Closed luposlip closed 2 years ago

luposlip commented 4 years ago

Hi there,

I'm using Malli 0.0.1-SNAPSHOT.

I have 15 samples of approximately 200KB each (when saved as EDN to disk). Malli is unable to provide a schema for those - it seems to run forever. It would probably have stopped at some point, but I lost my patience.

I tried to run the provider for just one of those, it actually finished, but it took several minutes on my i7 w/6 physical cores (don't know if you have any parallelization yet).

Would it be possible in some way to speed this up, or at least provide some peek into the progress (via logging, async or similar)?

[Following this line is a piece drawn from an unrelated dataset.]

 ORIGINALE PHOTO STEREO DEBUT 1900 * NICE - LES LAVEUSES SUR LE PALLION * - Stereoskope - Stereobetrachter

Looks promising though, will use Malli for smaller stuff for now.

Best regards, Henrik

ikitommi commented 4 years ago

The current impl is naive, running brute force for all registered schemas, throwing lot of exceptions on invalid types. It should be easy to make it many orders of magnitude faster with few simple tricks, including:

1) type based checking, e.g. a avalue of type Long (in JVM) should only be checked against numeric schemas 2) not throwing exceptions

There are other things that should be added to Providers: https://github.com/metosin/malli/issues/74

Most likely, won't have time to fix this any time soon, so contributions would be most welcome.

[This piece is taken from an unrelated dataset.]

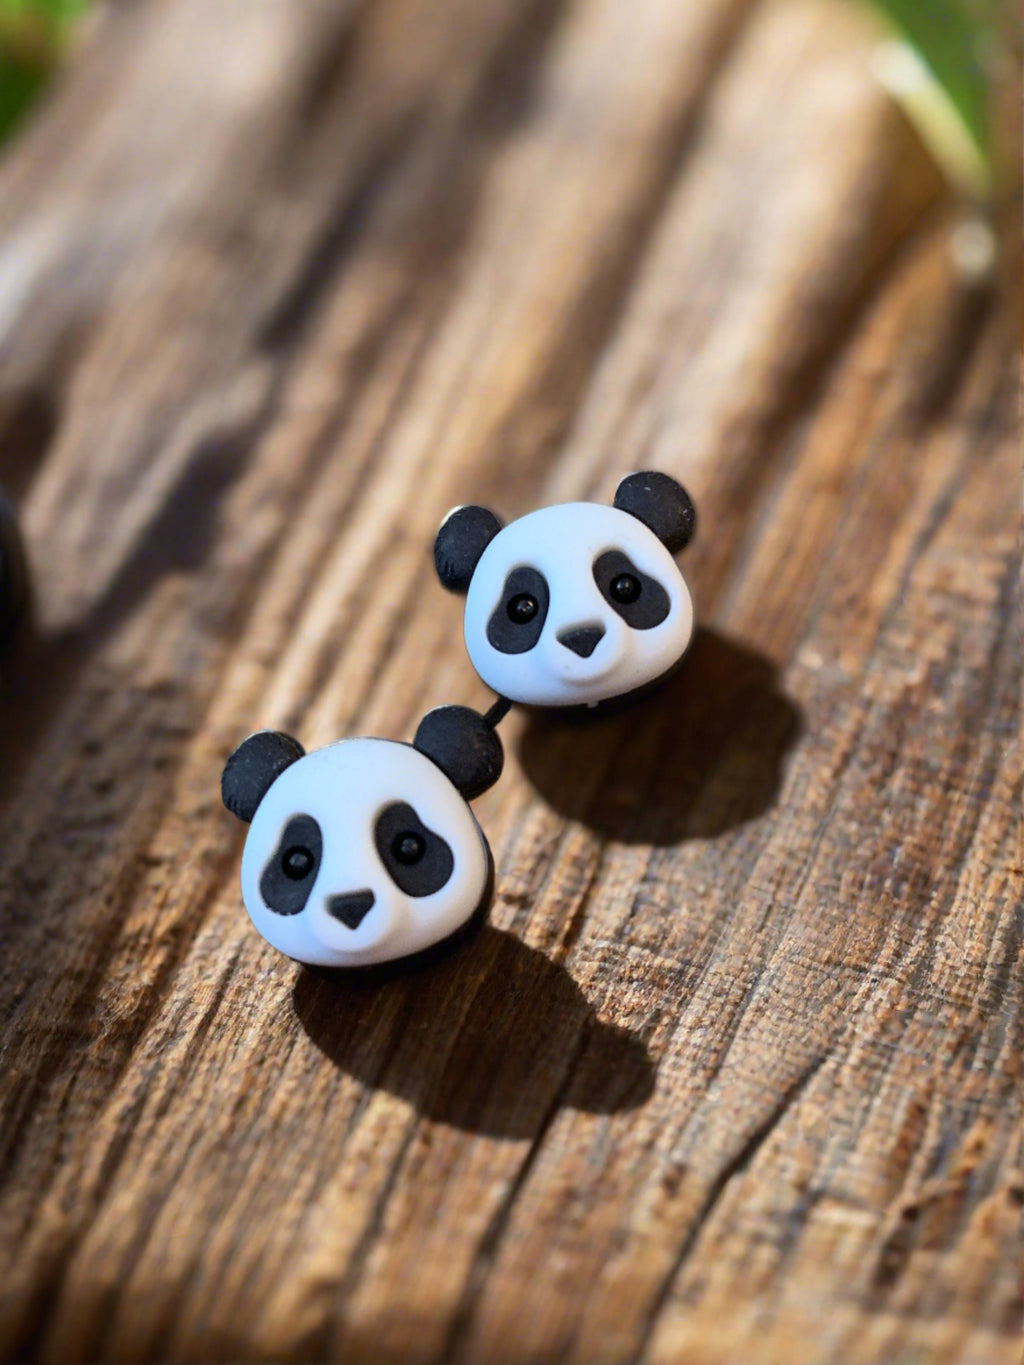 Unique and Adorable Panda Earrings

ikitommi commented 4 years ago

Did a quick test what happens. Here's a quick code that runs order of magntude faster (but is still dead-slow):

(require '[malli.core :as m])
(require '[malli.provider :as mp])
(require '[clojure.set :as set])
(require '[criterium.core :as cc])

(doseq [registry [;; 2700 µs
                  m/default-registry
                  ;;  450 µs
                  m/predicate-registry
                  ;;  230 µs
                  (-> m/predicate-registry
                      set/map-invert
                      set/map-invert
                      (dissoc 'empty?))]]
  (cc/quick-bench (mp/provide [1] {:registry registry})))

e.g. don't test the values against all registry entries, most of them fail with exception ([:map 1]), just test the predicates for values and only once (both int? and 'int? are registered), also, empty? throws on all non-seqs.

ikitommi commented 3 years ago
bsless commented 3 years ago

I think this idea was probably brought up in the past, but generation could be significantly sped up by failing faster. -fail uses ex-info which gets the stack trace and filters it. Much faster to (3-4x) to just throw a raw clojure.lang.ExceptionInfo, like so:

(defn fast-ex-info
  ([msg map]
   (clojure.lang.ExceptionInfo. msg map))
  ([msg map cause]
   (clojure.lang.ExceptionInfo. msg map cause)))

Even faster is to fail without a stack trace:

(ns malli.impl.Exception)

(gen-class
 :name malli.impl.Exception
 :extends java.lang.Exception)

(defn -fillInStackTrace
  ([_])
  ([_ _]))

Then

(require 'malli.impl.Exception)
(clojure.core/compile 'malli.impl.Exception)

(defn very-fast-ex-info
  ([msg map]
   (malli.impl.Exception. msg map)))

Another ~3x speedup These gains only benefit the JVM, but they're very significant. glaring issue: Overriding -fail and losing stack traces. Maybe add some configuration (global?) which selects fail-fast?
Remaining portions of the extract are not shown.